Análisis de Experto
Experto verificadoAnálisis general del producto
Llevo meses probando el crankbait hundido VIB de Fishinapot en distintos escenarios y creo que es momento de compartir mis conclusiones. Se trata de un señuelo de 23 gramos y 9,5 centímetros que se posiciona en la categoría de vibradores hundidos (VIB), un segmento donde la competencia es feroz y donde solo los modelos que mantienen una acción consistente acaban ganándose un hueco en la caja.
Lo que más me llamó la atención al sacarlo del envoltorio fue su perfil compacto y aerodinámico. Con 23 gramos, el lance resulta fluido incluso con equipos de acción media, y el vuelo es estable sin necesidad de compensar el peso con plomadas adicionales. El diseño está claramente orientado a trabajar en capas profundas (entre 3 y 6 metros), lo que lo convierte en una herramienta útil para la pesca invernal, cuando las especies se refugian en el fondo buscando aguas con temperatura más estable.
Calidad de materiales y fabricación
El cuerpo del señuelo presenta una construcción sólida. Tras varias sesiones sin que se aprecien marcas de mordedura ni deformaciones, puedo decir que el material resiste bien el uso continuado. He trabajado con él tanto en ríos de agua dulce del norte peninsular como en calas costeras del Mediterráneo, y no he detectado signos de corrosión en los anclajes ni en los anzuelos, algo que no todos los señuelos de este rango consiguen.
Los ojos 3D están bien integrados en el cuerpo y no se despegan con el uso, un problema habitual en modelos más económicos. La pintura mantiene su adherencia incluso después de rozar piedras y estructuras sumergidas. Eso sí, en un par de ocasiones noté que los acabados en la zona ventral presentaban ligeras irregularidades en el barniz, un detalle menor que no afecta al rendimiento pero que denota cierto control de calidad mejorable.

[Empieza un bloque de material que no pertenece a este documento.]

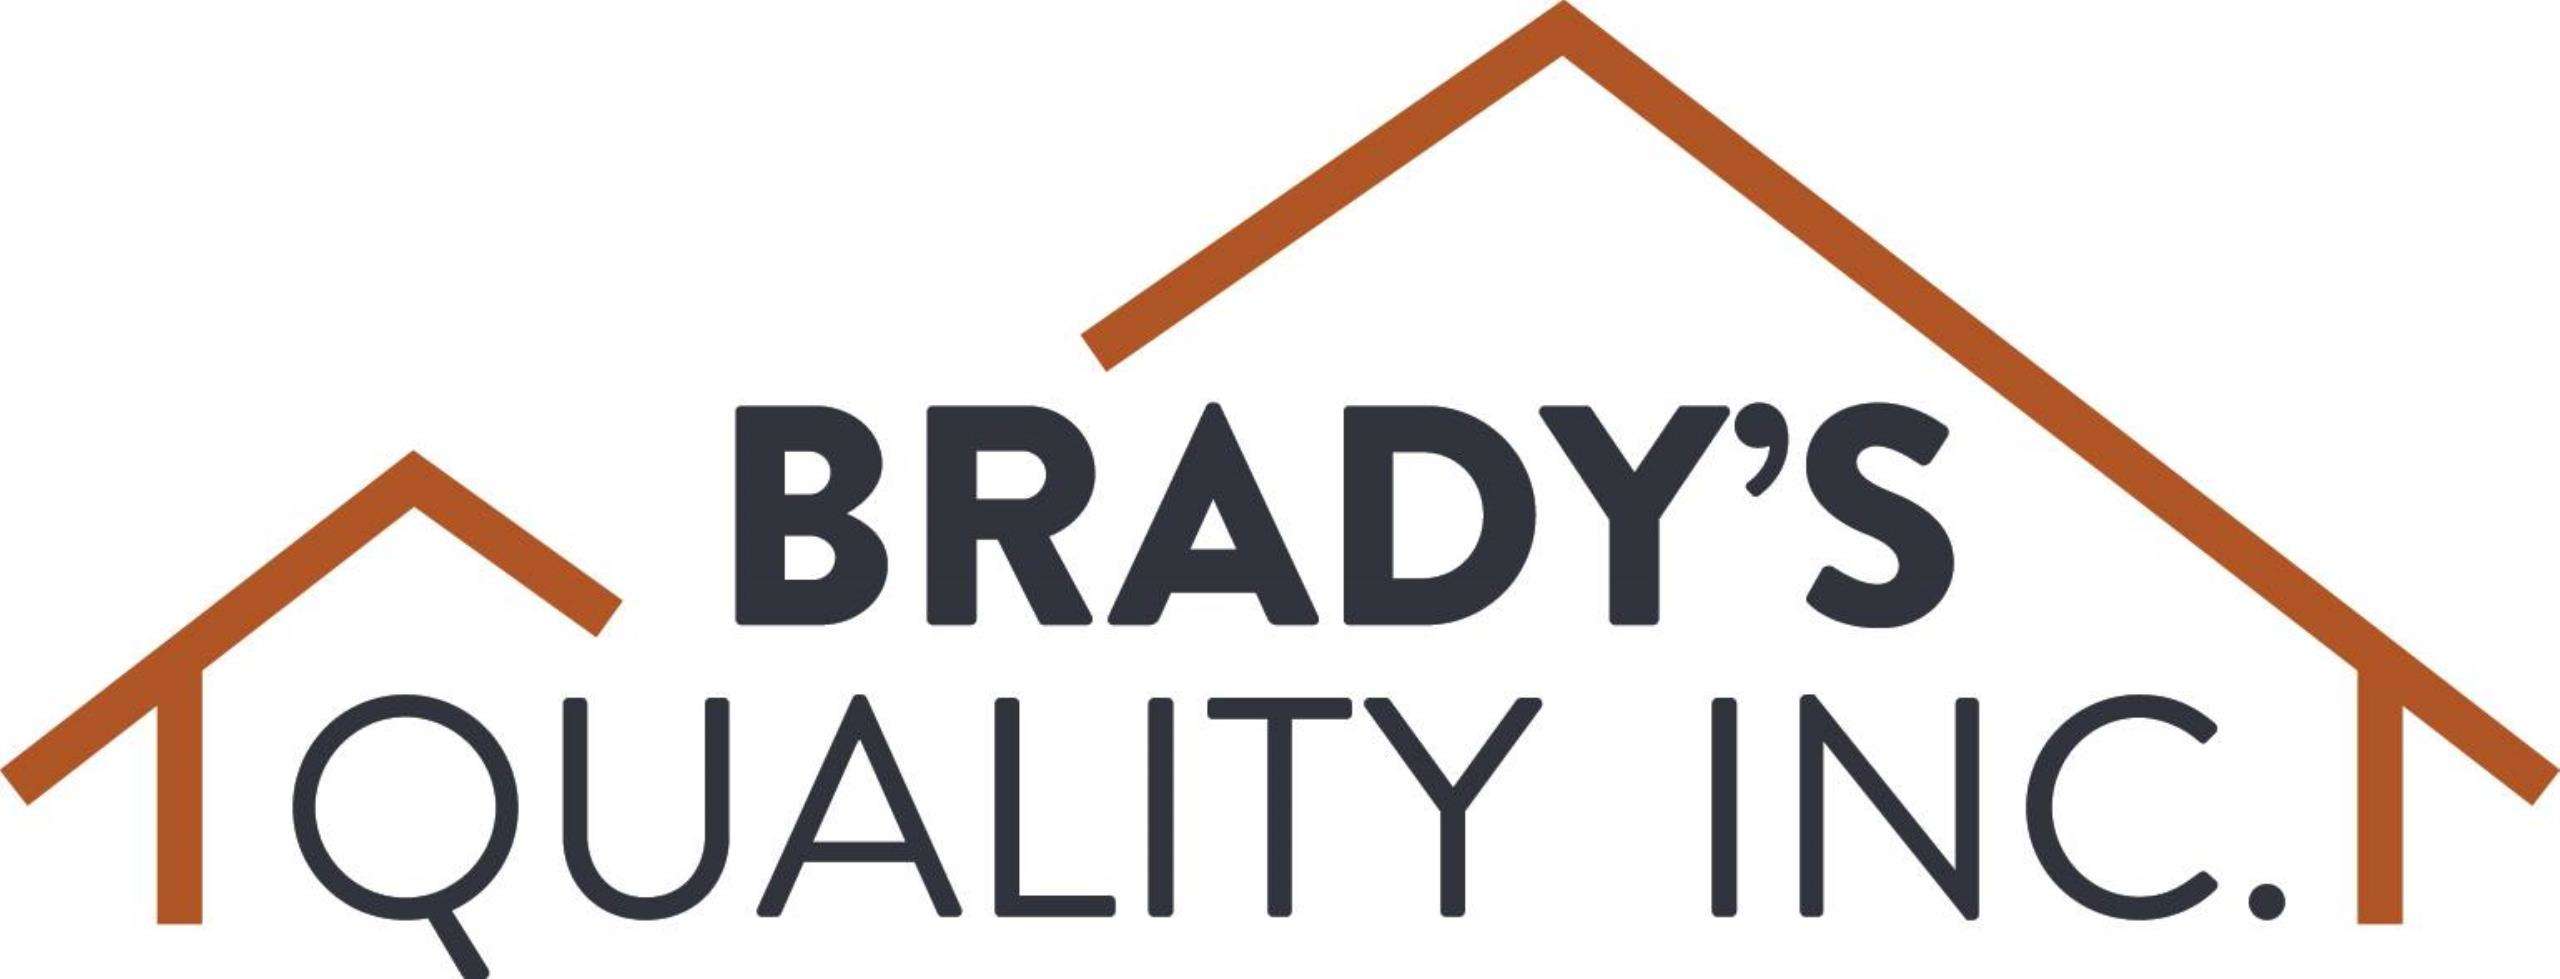 Brady's Quality Inc. Logo

Los anzuelos vienen afilados de fábrica y mantienen el temple tras varios peces. Recomendaría pasarles una piedra de afilar antes de la primera salida, ya que de serie vienen correctos pero no excelentes.
Rendimiento en el agua
Aquí es donde este VIB realmente demuestra por qué vale la pena. La acción de vibración que genera durante la recuperación es notablemente consistente. He trabajado con recuperaciones continuas y con la técnica de tirones cortos y pausados que recomienda el fabricante, y en ambos casos la perturbación que crea en la columna de agua resulta efectiva para despertar la atención de los peces.
En enero, probé el señuelo en un embalse de la serranía de Cuenca con temperaturas del agua rondando los 8 grados. La visibilidad era reducida y las lubinas y black bass estaban apáticas. Fue precisamente en esas condiciones donde la vibración del VIB marcó la diferencia: los peces reaccionaron al estímulo lateral incluso cuando apenas veían el señuelo. La profundidad de trabajo se situó consistentemente en torno a los 4 metros con un retrieve moderado, acercándose a los 6 cuando dejaba caer el señuelo tras un tirón más enérgico.
En agua salada lo he usado en zonas de rocas del levante, donde la corriente era moderada. Los 23 gramos permiten mantener el contacto con el fondo sin que la corriente arrastre el señuelo fuera de la zona de pesca. Con sedales trenzados de 4 a 8 kg, tal como indica la descripción, la sensibilidad es adecuada para notar las picadas y los roces con el fondo.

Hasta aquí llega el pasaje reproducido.